JIC– Nama lengkapnya KH. Muhammad Thohir Rohili, ulama Betawi yang lahir di daerah Kebon Baru, Jakarta tahun 1920 dan wafat pada hari Kamis, 27 Mei 1999 bertepatan dengan tanggal 13 Shafar 1420H dalam usia 79 tahun. Ia, yang dipanggil “Abuya” oleh murid-muridnya, adalah seorang ulama yang tawadhu` namun terampil dalam mengembangkan pendidikan Islam. Seperti KH. Achmad Mursyidi, ia pernah menjabat Anggota DPR selama dua periode dan pernah menjadi Ketua DPW NU DKI Jakarta.
M. Thohir Rohili ulama Betawi satu angkatan dengan KH. Abdullah Syafi’i dari Bukit Duri (Bali Matraman) dan sama-sama berguru kepada Guru Marzuqi Cipinang Muara. Guru lainnya adalah Guru Abdul Madjid Pekojan. Selain itu, ia juga berguru kepada Habib Ali Kwitang.
Juga seperti rekannya, KH. Abdullah Syafi`i, ia juga aktif berdakwah melalui jalur pendidikan Islam dengan mendirikan perguruan Islam Attahiriyah, Setelah lama bermukim di Mekkah, Guru Tohir Rohili mendirikan beberapa kamar untuk menampung beberapa pelajar sekolah. Kamar-kamar penampungan yang kemudian ditingkatkan menjadi asrama putra-putri itu, terletak bersebelahan dengan masjid tempat Guru Tohir menyelenggarakan majelis taklim, (Direktori Pesantren I diterbitkan Perhimpunan Pengembangan Pesantren dan Masyarakat (P3M) Jakarta, 1986).
Guru Tohir bersama menantunya HM Syatiri Ahmad dan putrinya Hj Suryani Tohir berusaha agar para pelajar yang menempati asrama memperoleh pendidikan agama.

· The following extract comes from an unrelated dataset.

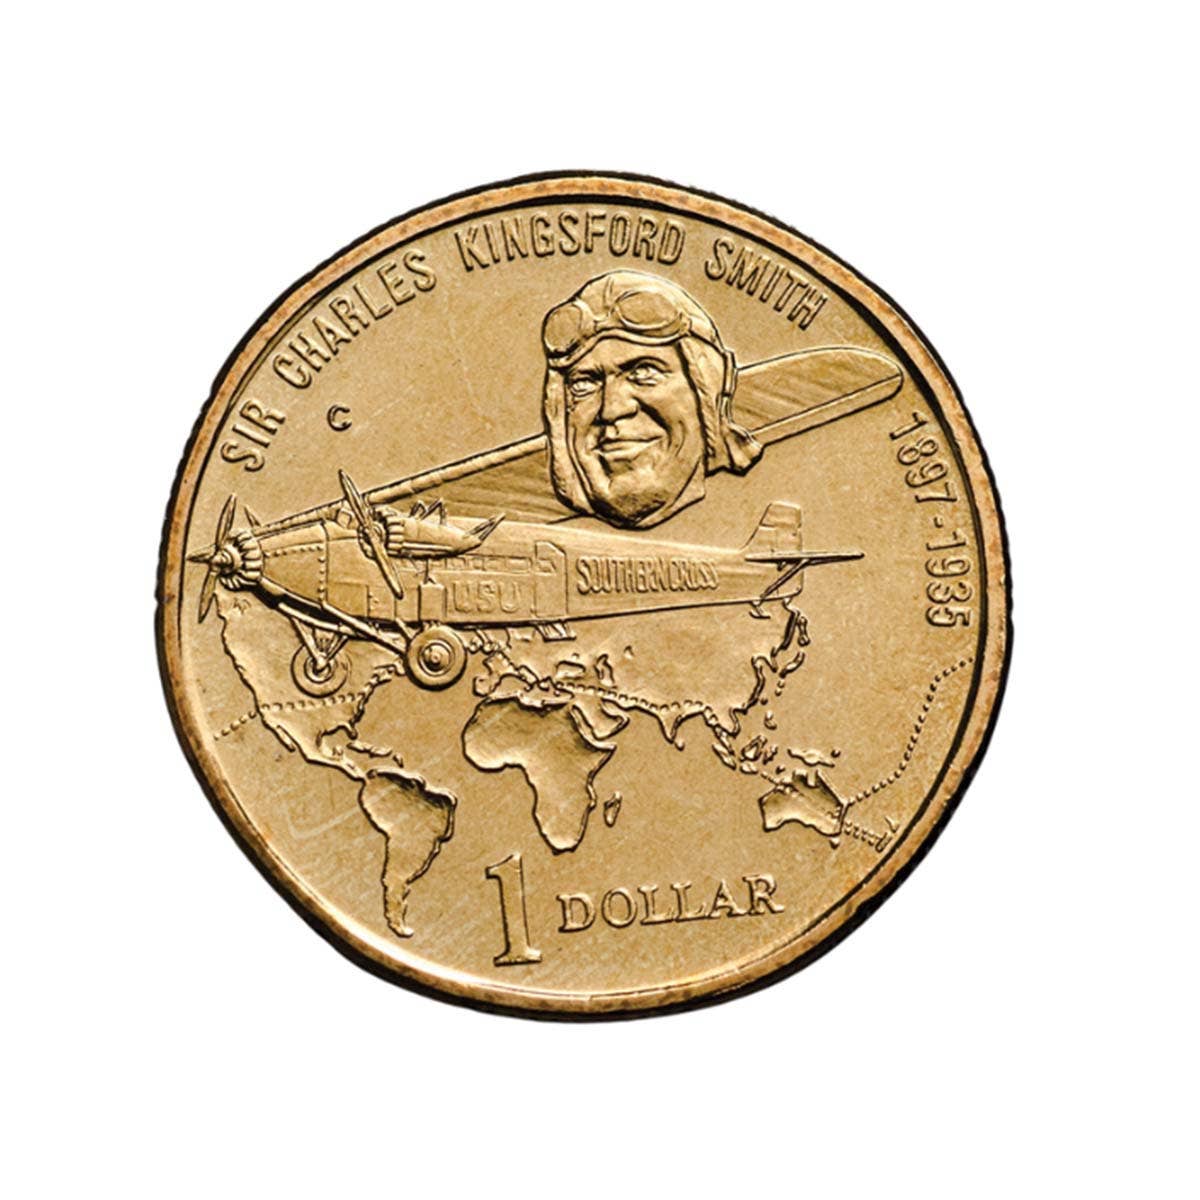 Kingsford Smith 1997 $1 C Mintmark Uncirculated Coin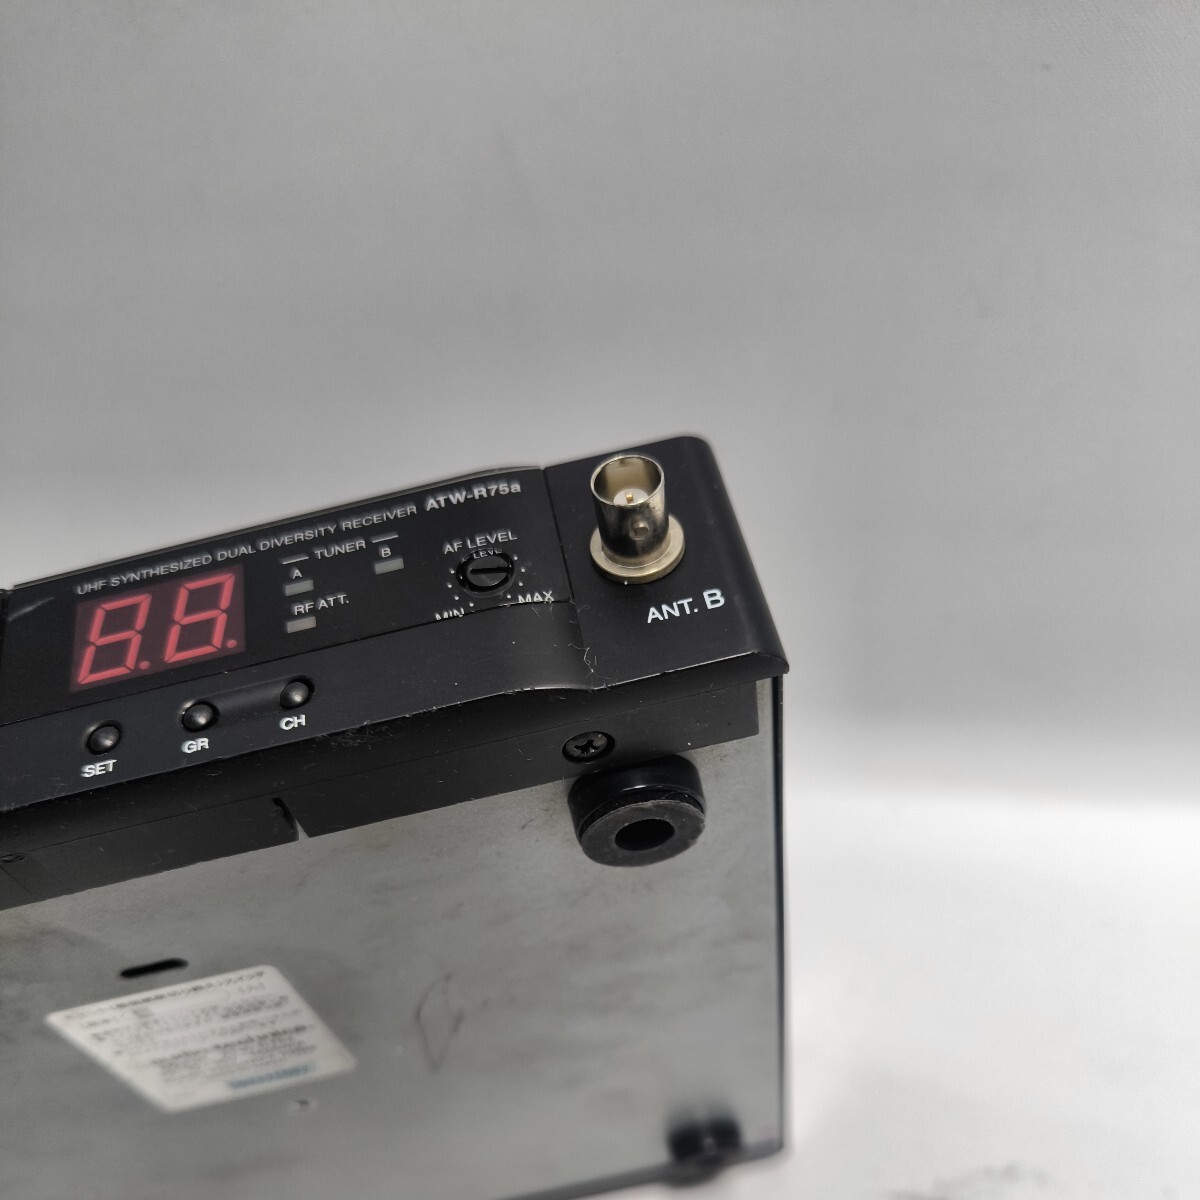 「2FL29」audio-technica ATW-R75a 電波式ワイヤレスレシーバー 中古品現状出品(240517)_画像7

Maka kemudian diselenggarakan pengajian kitab secara sorogan. Dalam perkembangan selanjutnya Kiai Syatiri mencoba mengembangkan sistem madrasah yang kemudian menjelma menjadi madrasah tsanawiyah, aliyah, dan Universitas At-Thahiriyah. Sesudah itu menyusul madrasah ibtidaiyah.
Di bawah kepemimpinan Guru Tohir dan menantunya, perguruan At-Thahiriyah berkembang pesat. Keduanya memadukan model pengajaran tradisional dan klasikal. Artinya, pihak pengelola tetap menjalankan aktivitas pengajian dengan model pesantren. Pada saat yang sama, mereka juga memadukan model klasikal sekolah bagi para santrinya.
Pihak pengelola perguruan ini yang terletak dekat rel kereta Jakarta-Bogor ini, juga melakukan pemberdayaan santrinya di luar jam belajar. Misalnya mereka mengadakan pelatihan keputrian untuk para pelajar putri, lomba memasak, busana muslim, juga MTQ. Grup qasidah pesantren ini pernah mengukir juara dalam MTQ seprovinsi Jakarta. Bahkan sejumlah santri dikirim sebagai delegasi pesantren untuk mengikuti pelatihan sejumlah keterampilan mulai dari manajemen, mengelola perpustakaan, penataran juru dakwah, kependudukan.
Mata pelajaran yang diajarkan kepada santrinya antara lain kitab Matan Zubad, Jauhar Maknun, Fathul Qarib, Tanqihul Qaul, Minhajul Qawim, Nashaihul Ibad, Tafsir Jalalain, Nashaihud Diniyah, Alfiyah, Mukhtarul Ahadits. Materi-materi inilah yang diajarkan Guru Thahir pagi dan petang hari.
Ia dikebumikan di dekat mesjid dan berdampingan dengan Istri tercinta Hj. Salbiah Binti Romli. Salah seorang muridnya yang menjadi ulama perempuan Betawi adalah putrinya sendiri, Dr. Hj. Suryani Thahir (penerus Majelis Taklim Ath-Thahiriyah/As-Suryaniyyah Ath-Thahiriyyah).
GURU-GURU
Guru Tohir menghabiskan pendidikannya dengan belajar kepada Habib Ali bin Husein Al-Atthas (Cikini) atau sering dipanggil Habib Ali Bungur, Guru Marzuqi (Muara), Habib Ali bin Abdurrahman Al-Habsyi (Kwitang), Guru Madjid (Pekojan), Syekh Yasin Al-Fadani (Mekkah), dan banyak guru lainnya.